Hervé This started collecting "culinary precisions" (old kitchen wives' tales and cooking tricks) in the early 1980s and started testing these precisions to see which ones held up; his collection now numbers some 25,000. In 1995, he also has received a PhD in Physical Chemistry of Materials for which he wrote his thesis on "La gastronomie moléculaire et physique" (molecular and physical gastronomy), served as an adviser to the French minister of education, lectured internationally, and was invited to join the lab of Nobel Prize winning molecular chemist Jean-Marie Lehn. This has published several books in French, four of which have been translated into English, including Molecular Gastronomy: Exploring the Science of Flavor, Kitchen Mysteries: Revealing the Science of Cooking, Cooking: The Quintessential Art, and Building a Meal: From Molecular Gastronomy to Culinary Constructivism. He currently publishes a series of essays in French and hosts free monthly seminars on molecular gastronomy at the INRA in France. He gives free and public seminars on molecular gastronomy any month, and once a year, he gives a public and free course on molecular gastronomy. Hervé This also authors a website and a pair of blogs on the subject in French and publishes monthly collaborations with French chef Pierre Gagnaire on Gagnaire's website.

Though she is rarely credited, the origins of the Erice workshops (originally entitled "Science and Gastronomy") can be traced back to the cooking teacher Elizabeth Cawdry Thomas who studied at Le Cordon Bleu in London and ran a cooking school in Berkeley, California. The one-time wife of a physicist, Thomas had many friends in the scientific community and an interest in the science of cooking. In 1988 while attending a meeting at the Ettore Majorana Center for Scientific Culture in Erice, Thomas had a conversation with Professor Ugo Valdrè of the University of Bologna who agreed with her that the science of cooking was an undervalued subject and encouraged her to organize a workshop at the Ettore Majorana Center. Thomas eventually approached the director of the Ettore Majorana center, physicist Antonino Zichichi who liked the idea. Thomas and Valdrè approached Kurti to be the director of the workshop. By Kurti's invitation, noted food science writer Harold McGee and French Physical Chemist Hervé This became the co-organizers of the workshops, though McGee stepped down after the first meeting in 1992.

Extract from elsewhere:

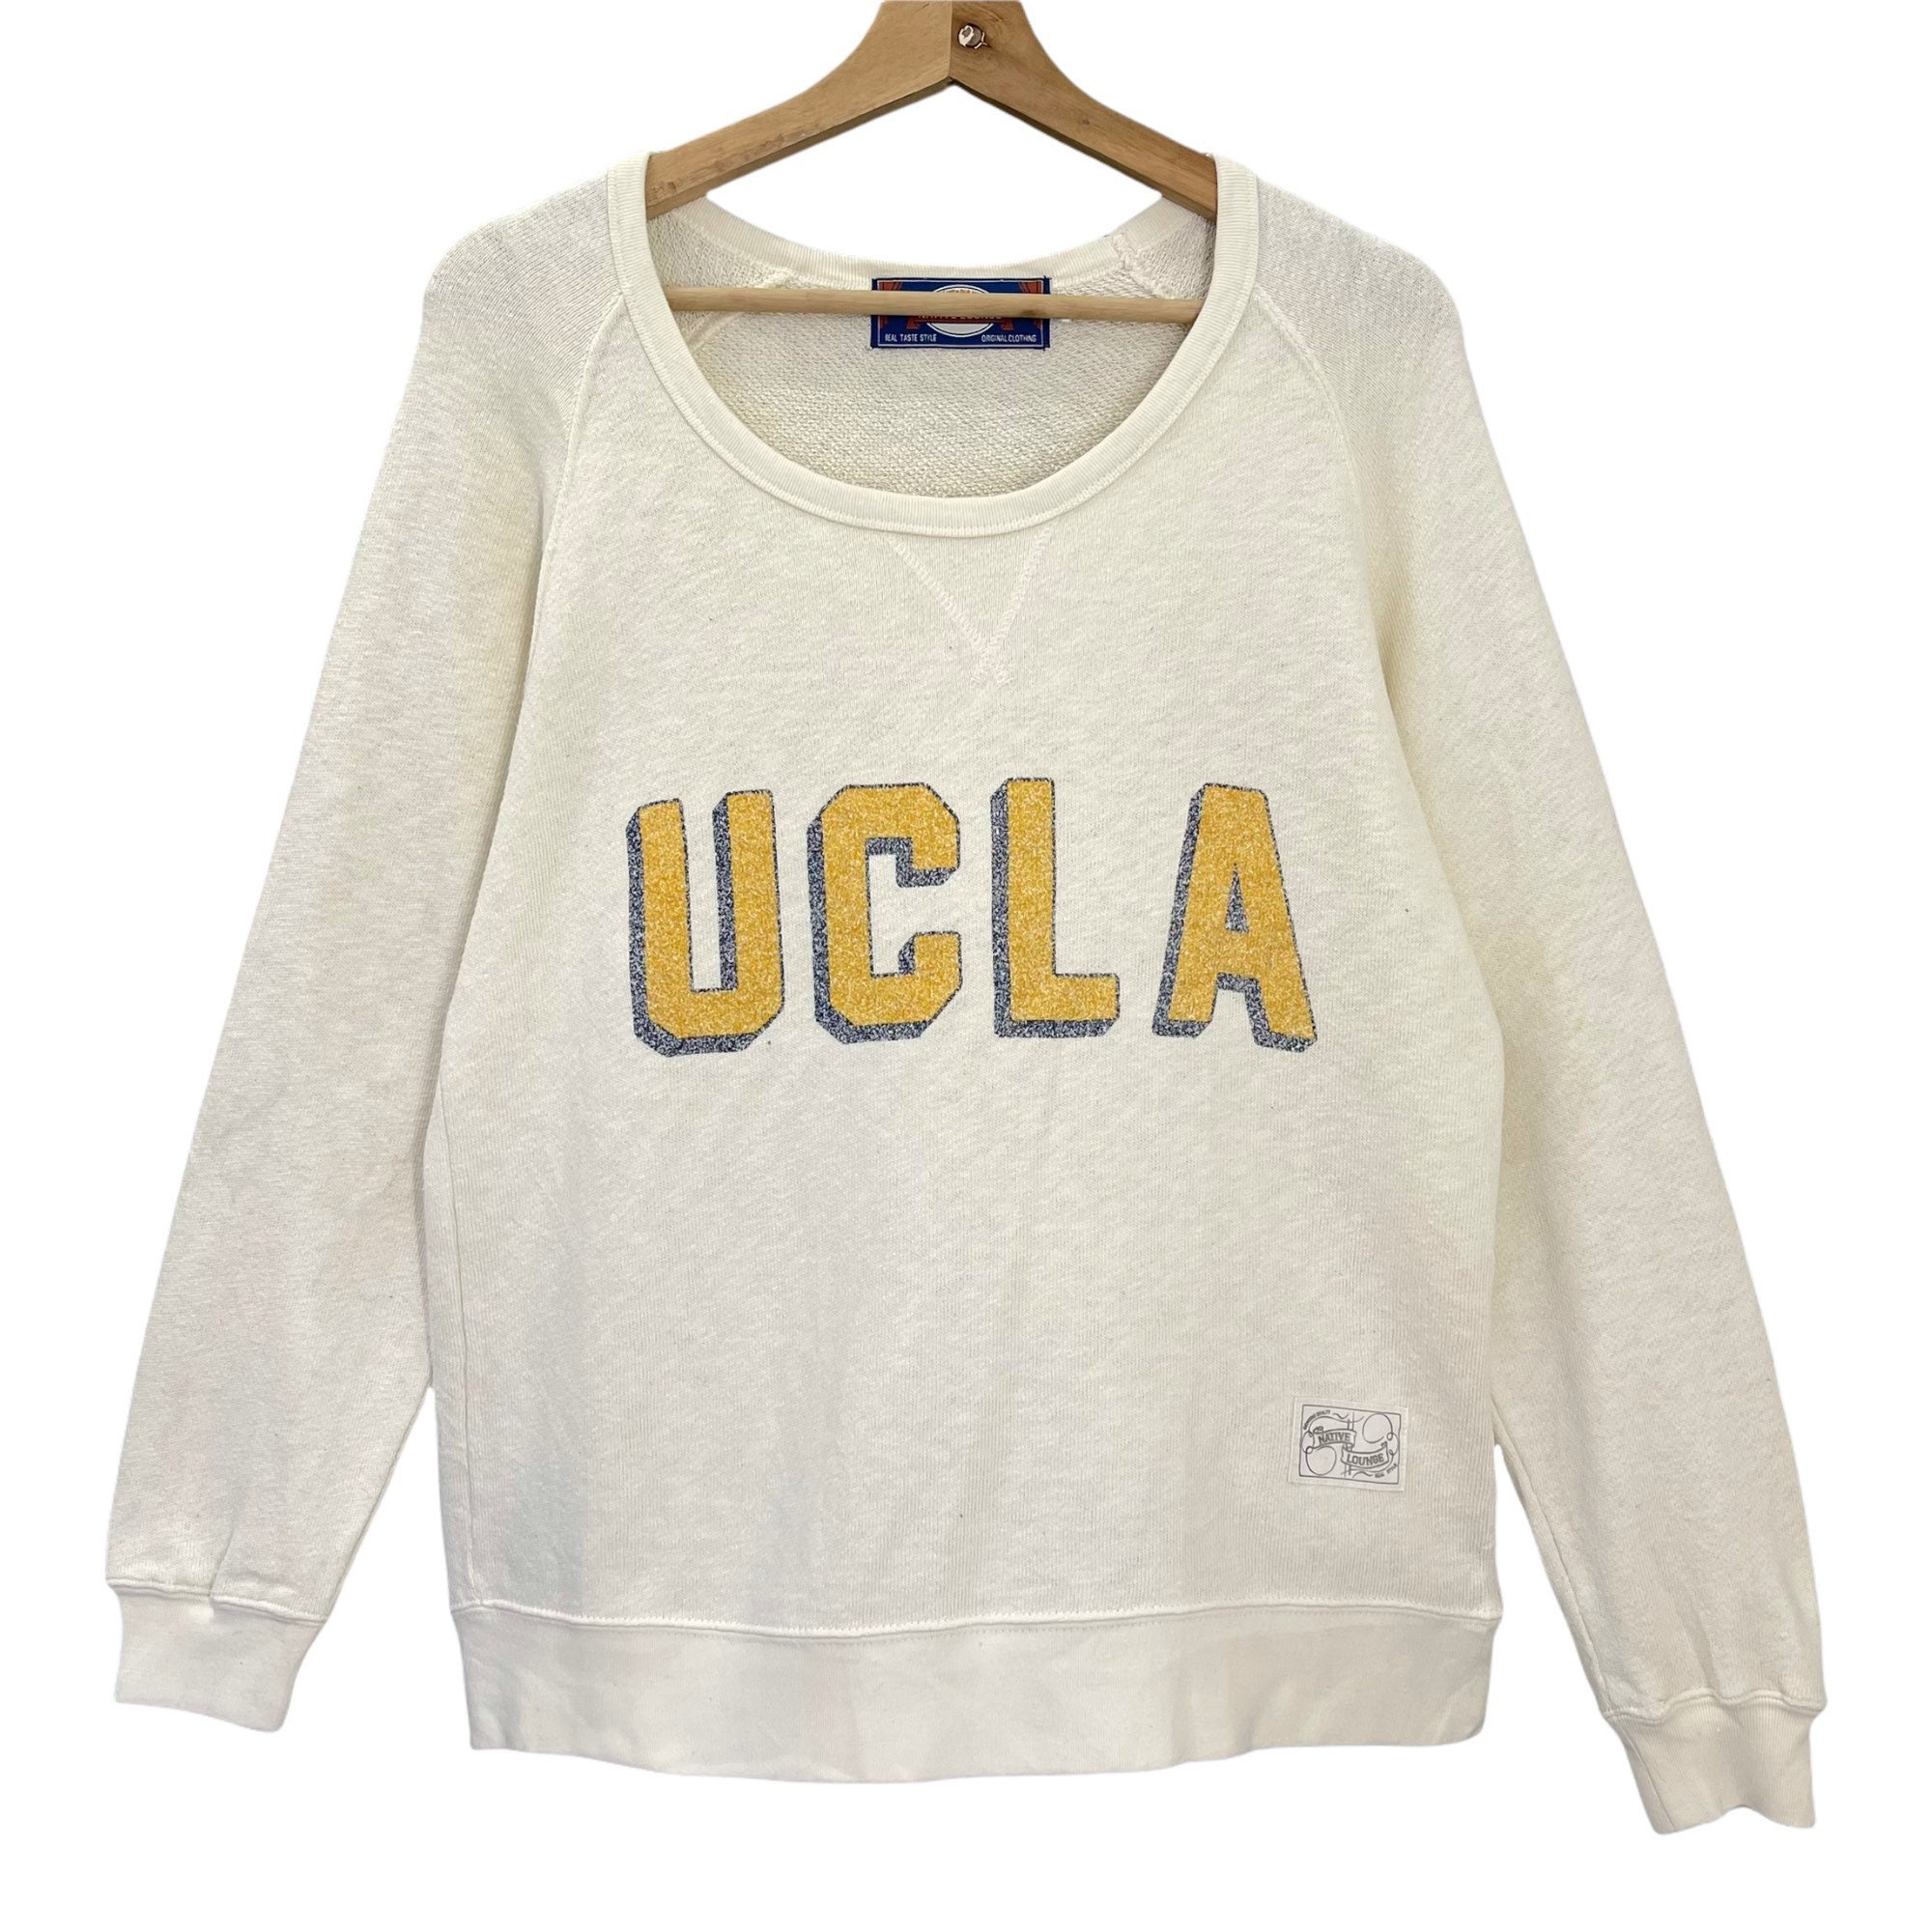 H&M UCLA sweatshirt  Sweatshirts, Ucla sweatshirt, Clothes design

Up until 2001, The International Workshop on Molecular Gastronomy "N. Kurti" (IWMG) was named the "International Workshops of Molecular and Physical Gastronomy" (IWMPG). The first meeting was held in 1992 and the meetings have continued every few years thereafter until the most recent in 2004. Each meeting encompassed an overall theme broken down into multiple sessions over the course of a few days.

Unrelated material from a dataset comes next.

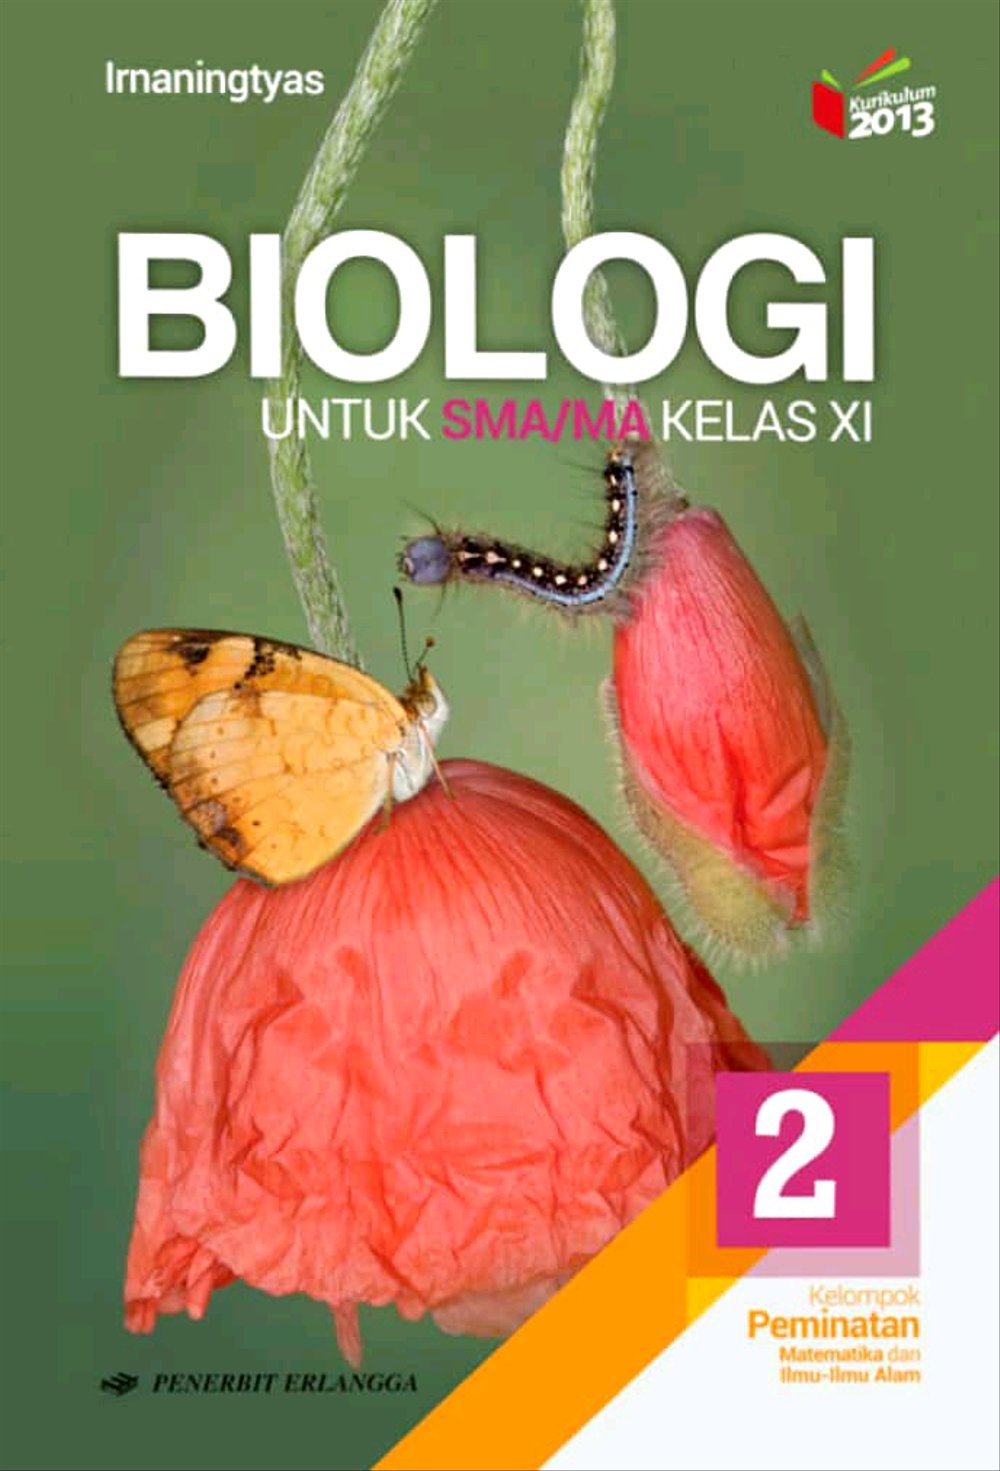 Download buku biologi kelas xi irnaningtyas pdf

The focus of the workshops each year were as follows:

  • 1992 – First Meeting
  • 1995 – Sauces, or dishes made from them
  • 1997 – Heat in cooking
  • 1999 – Food flavors—how to get them, how to distribute them, how to keep them
  • 2001 – Textures of Food: How to create them?
  • 2004 – Interactions of food and liquids
  • Examples of sessions within these meetings have included:

  • Chemical Reactions in Cooking
  • Heat Conduction, Convection and Transfer
  • Physical aspects of food/liquid interaction
  • When liquid meets food at low temperature
  • Solubility problems, dispersion, texture/flavour relationship
  • Stability of flavour
  • Precursors

    The idea of using techniques developed in chemistry to study food is not a new one, for instance the discipline of food science has existed for many years. Kurti and This acknowledged this fact and though they decided that a new, organized and specific discipline should be created within food science that investigated the processes in regular cooking (as food science was primarily concerned with the nutritional properties of food and developing methods to process food on an industrial scale), there are several notable examples throughout history of investigations into the science of everyday cooking recorded as far as back to 18th century.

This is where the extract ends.